Pasión (Cabernet Sauvignon) — From Alexander Valley, sourced through a connection Gerry made during his Artesa years. Hibiscus again on the nose — Gerry says it’s an Alexander Valley thing — with cherry, a grounding herbaceousness, and soft, well-integrated tannins. Aged 24+ months in French oak, medium-plus toast. The finish is long and elegant. At $85, it’s a genuine value for what’s in the glass.
Harmony (Red Blend) — The flagship. A blend of Alicante Bouschet, Zinfandel, Petit Verdot, and Merlot, sourced through Bob Biale from the Pagani family in Sonoma. Alicante is an enormous, deeply pigmented grape — bright red all the way through — and it gives this wine an inky color and a richness that earned it double gold on its first release. 75 cases made. $100.
The Tasting Experience
Vinos Unidos tastes out of a charming space inside the Old Napa Tannery — a shared tasting room that has nothing to do with a traditional winery visit and everything to do with what a good tasting should actually feel like. It’s intimate, unhurried, and full of personality.
You’re tasting with the person who made the wine. Jerry and his brother pour. There’s no front-of-house script, no upsell, no rush. If you’ve done enough Napa tastings where you feel like a transaction, this is the antidote.
Tastings run $45–$60 depending on the selection, with optional charcuterie boards. They can accommodate groups up to 16.
Through the end of May, 2026, they’re hosting free open houses every Saturday from 3–5pm — no reservation needed, just stop in and get acquainted.
Who This Is For
Vinos Unidos is for the wine lover who’s tired of tasting rooms that feel like retail experiences. It’s for the person who wants to understand what’s in their glass and hear it from the person who made it. It’s for the collector who wants to find something genuinely rare — 75 cases of Napa Tempranillo, anyone? — before everyone else does.
It’s also for anyone who believes, as I do, that the best bottles aren’t the ones with the biggest marketing budgets.
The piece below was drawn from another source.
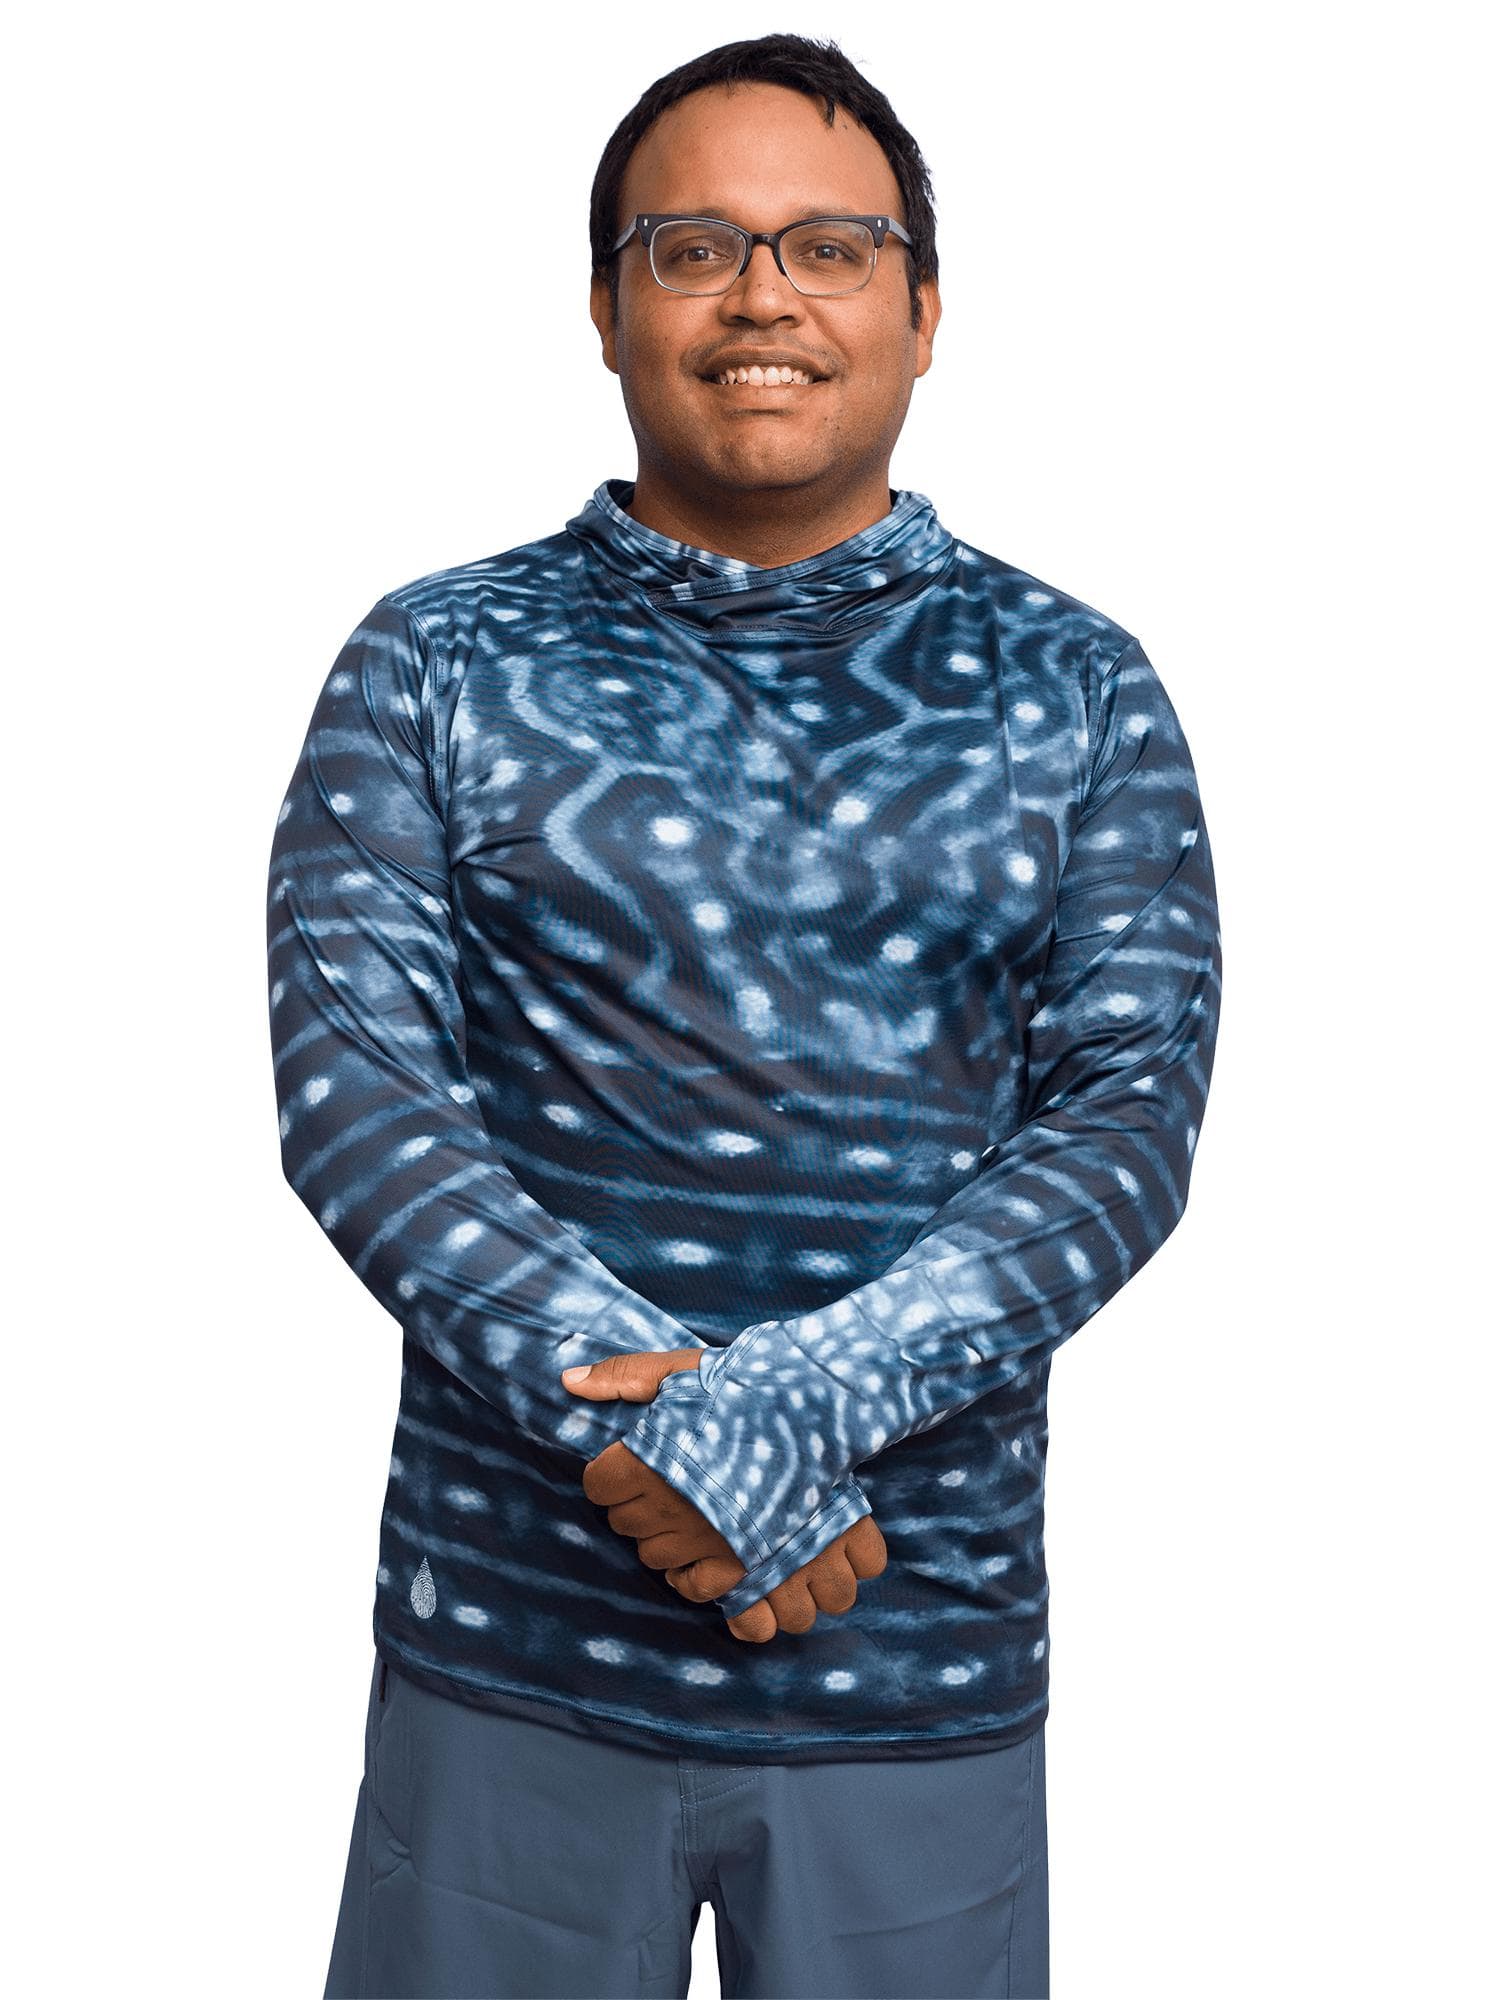 Model: Alberto is a professional sailor and filmmaker promoting youth participation in conservation and water sports. He is 6', 247lbs and wearing a size 2XL shirt and 39 boardshorts.

They’re the ones made by someone who has been putting their soul into this for nearly four decades, who still gets excited describing the hibiscus notes in a Cab from Alexander Valley, and who learned everything he knows by crashing a party on a hill in Rutherford.
Paige’s Verdict
Vinos Unidos is the kind of discovery I live for. Small production, multicultural roots, wines priced honestly, and a winemaker who has more stories than I have room to tell. The Tempranillo and the Harmonia are the bottles to start with. The Chardonnay surprised me most. The Cab Rosé will convert anyone who thinks rosé has to be pale pink and Provençal.
Book a tasting. Go on a Saturday. Ask Gerry about Tempranillo. He’ll talk for a while. That’s the point.
Practical Information
Location:68 Coombs Street, Unit L5, Napa, CA
Tastings: $45–$75 depending on selection and add-ons. Reservations recommended.
Wine Club: Available. Members receive priority access to limited releases including Tempranillo and Harmonia.